The memory cell itself also produces another output at each time step called a state vector, or sometimes a context vector, starting with H0, H1...
As you can see this state vector is fed as an additional input to the memory cell at the next time step. This is actually why this is called a recurrent layer. Part of the output of the memory cell at one time step is fed back to itself at the next time step. The beauty of this architecture is that it can handle sequences of any length using a constant number of parameters.


### CNN
Convolutional Neural Networks are very successful in image processing tasks such as image classification. Recently they get more and more used in handling sequences.
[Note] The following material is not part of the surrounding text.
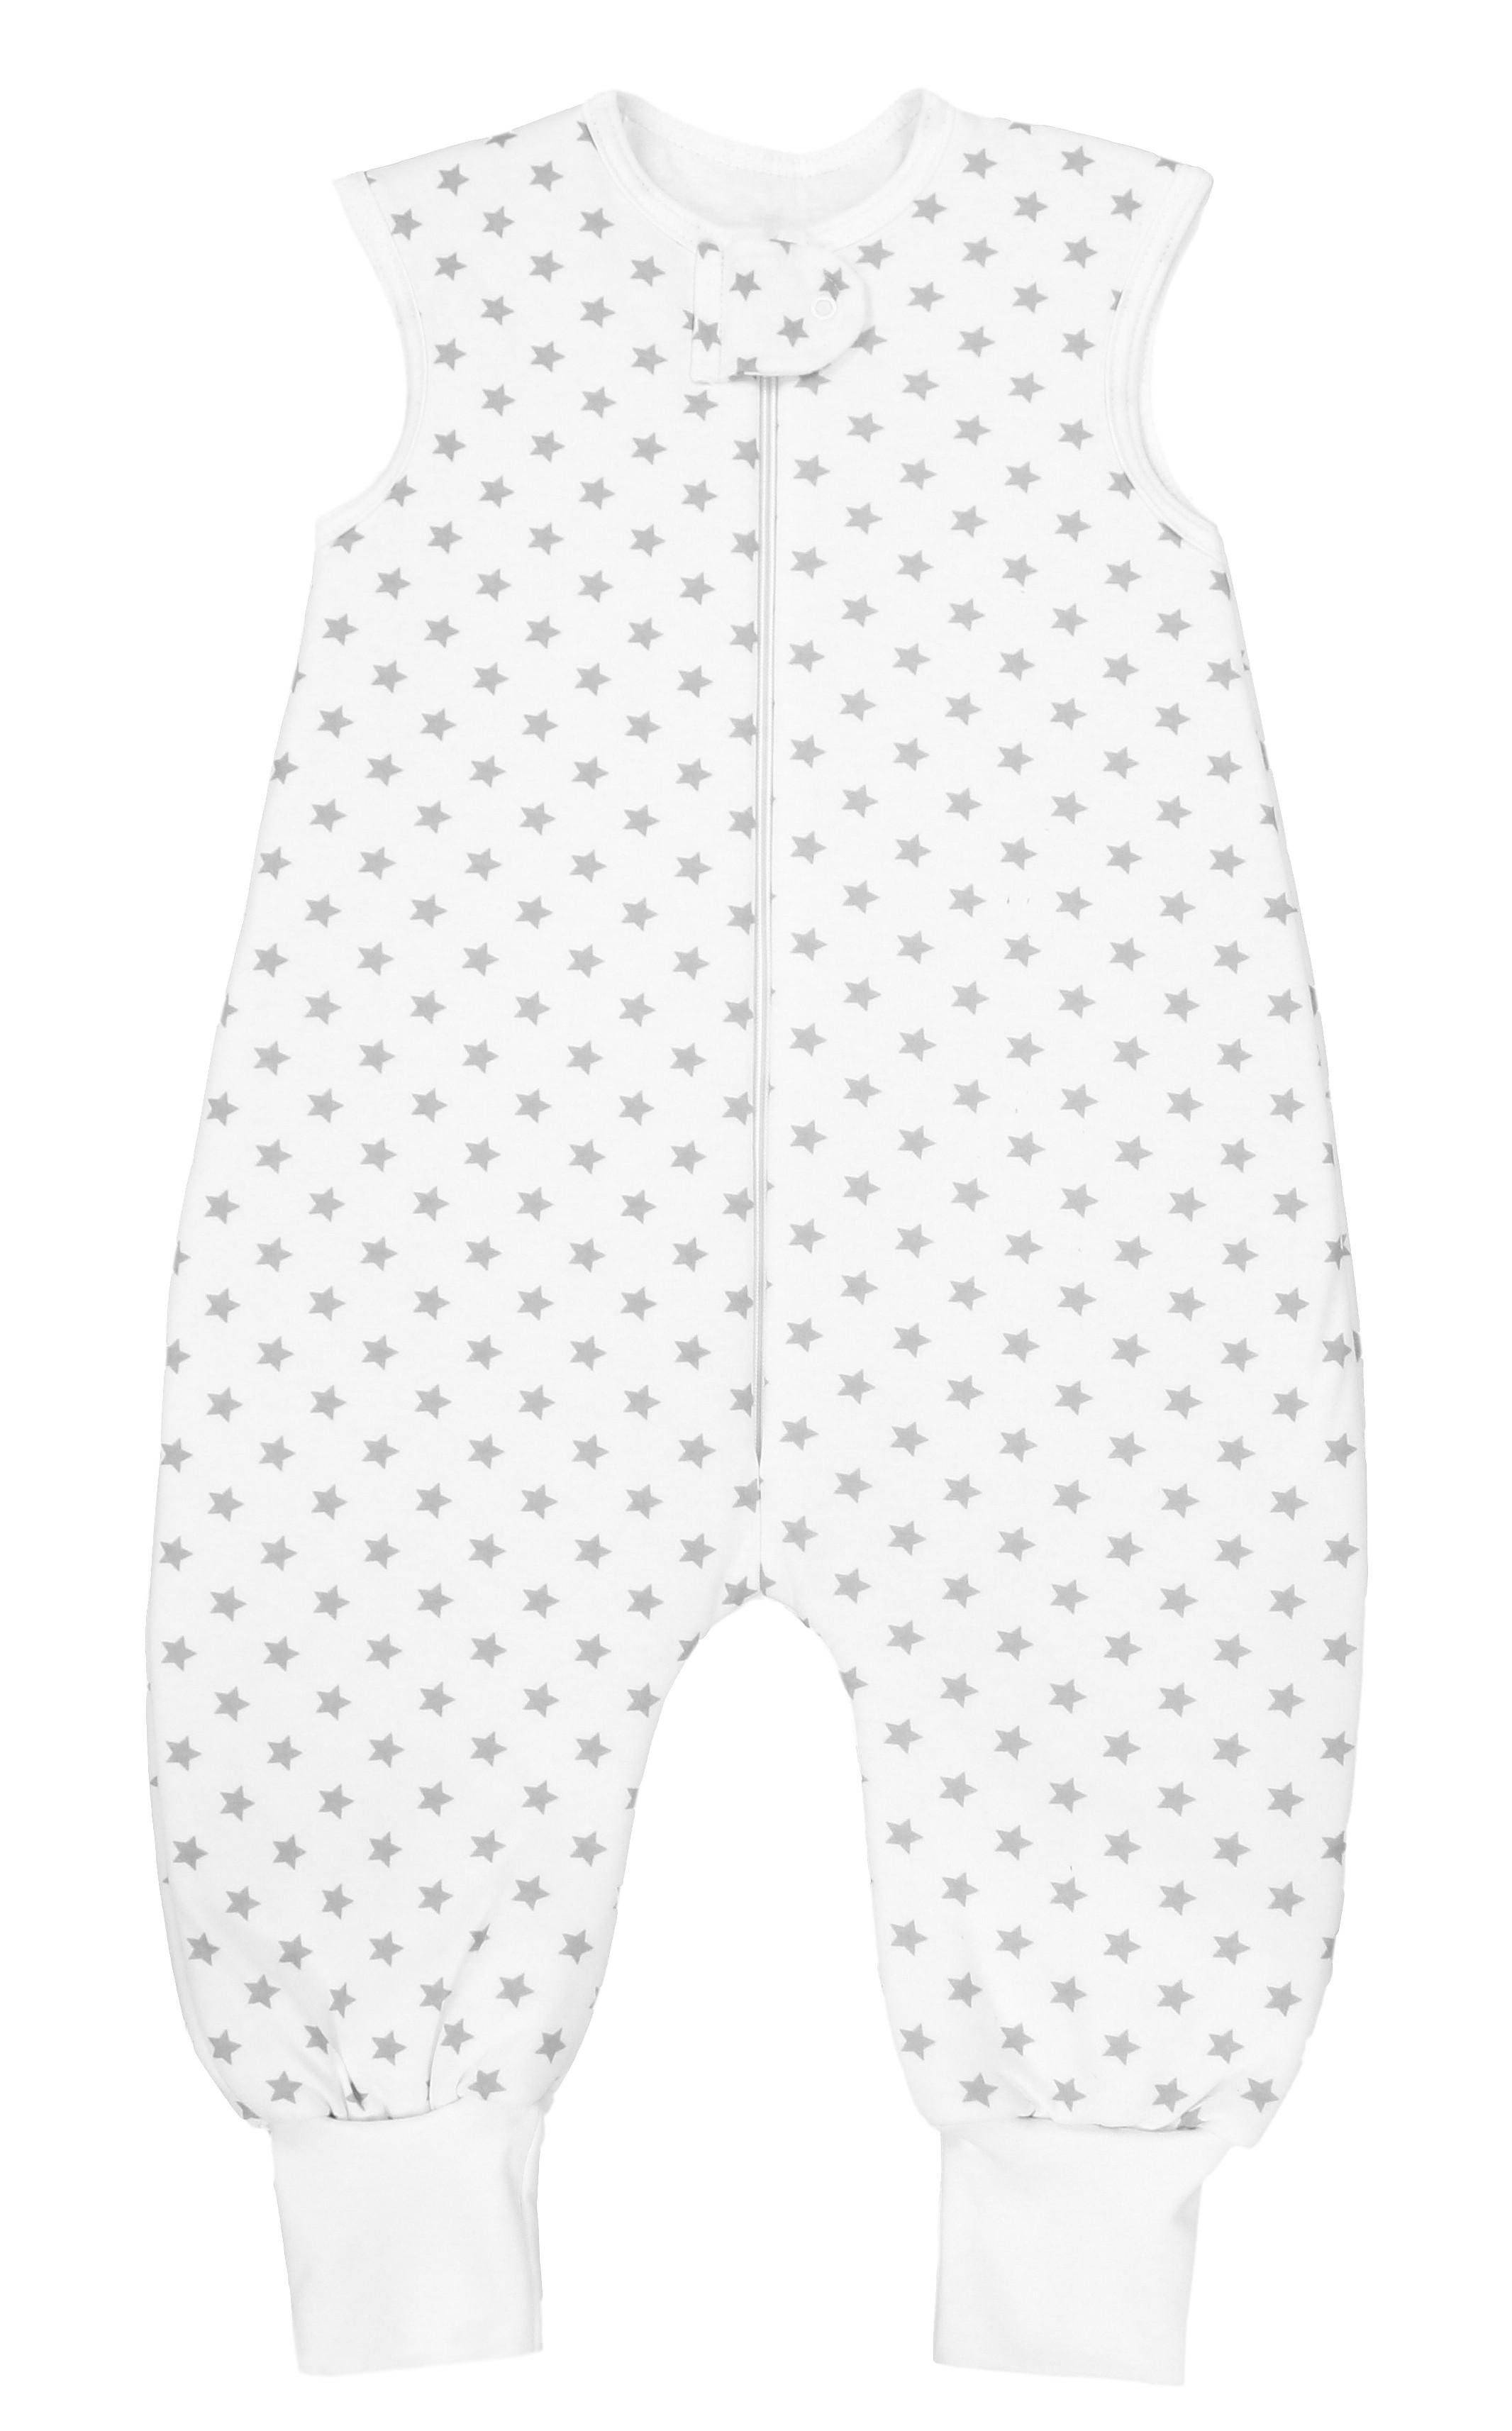 TupTam Babyschlafsack Winter Schlafsack mit Beinen OEKO-TEX zertifiziert 2,5 TOG Unisex Sternchen Weiß/Grau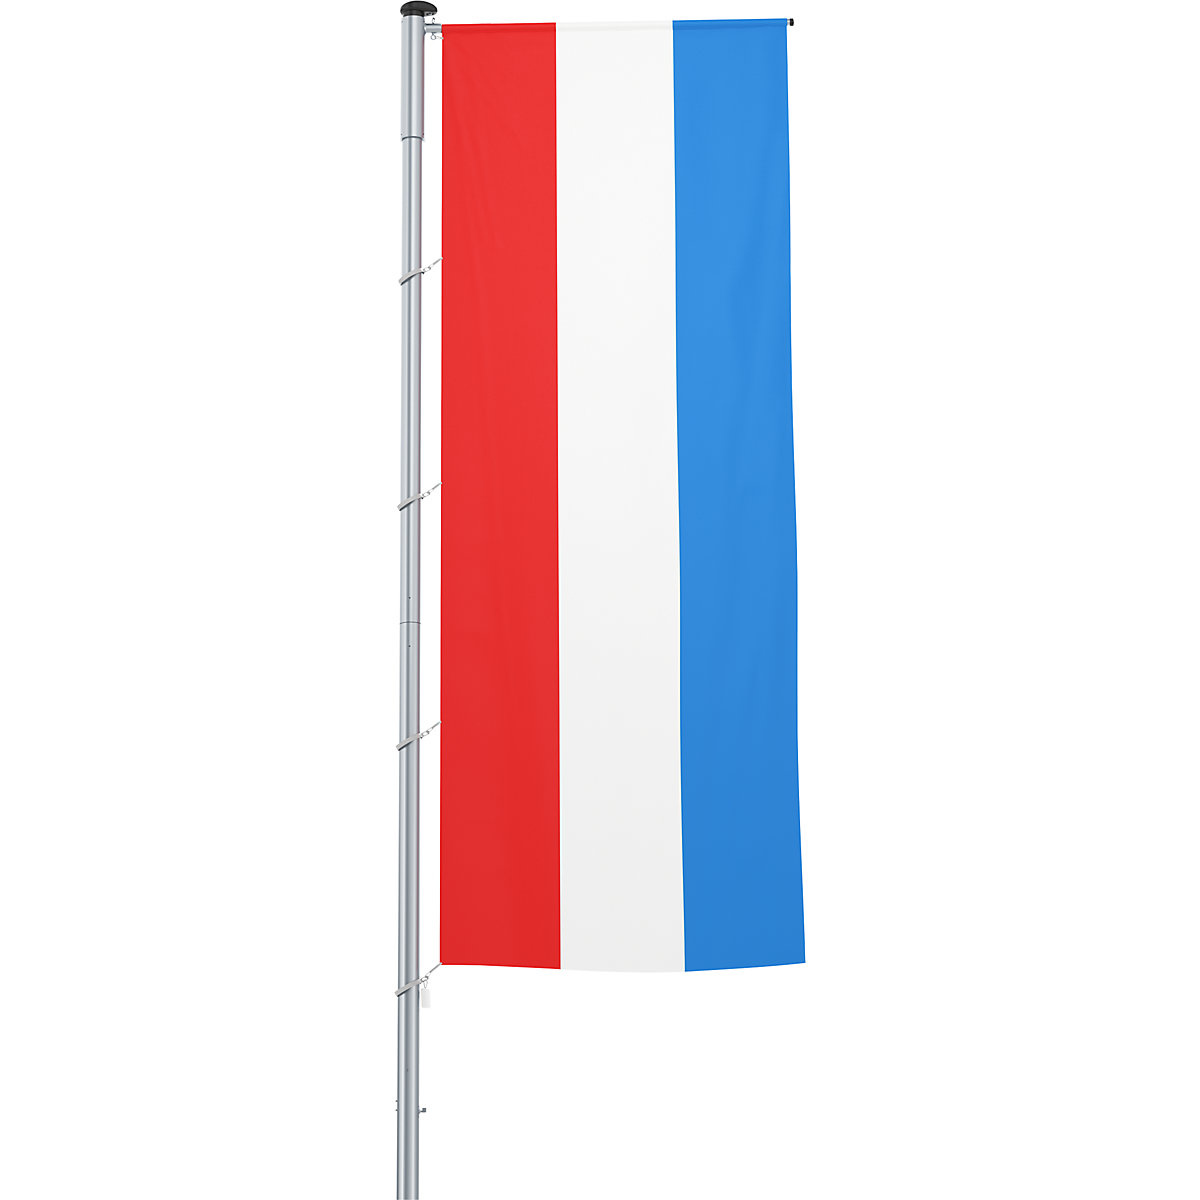 Vlajka na pozdĺžne upevnenie na stožiar/národná vlajka – Mannus, formát 1,2 x 3 m, Luxembursko-30

In image processing we use 2D-Convolutional-Layers whereas in handling sequences we use 1D-Convolutional-layers. They work exactly the same except the windows slides only over one dimension, typically the time axis instead of two dimensions such as height and width of an image.
In the image below you can see a typical 1D-Convolutional-Layer with a filter (kernel) of size three. You can see how it is computed and activated by a ReLU function in the depicted equation.

A RNN Layer has some memory as explained above whereas a CNN has no memory at all. Each output takes only a small window into consideration (here 3 time steps).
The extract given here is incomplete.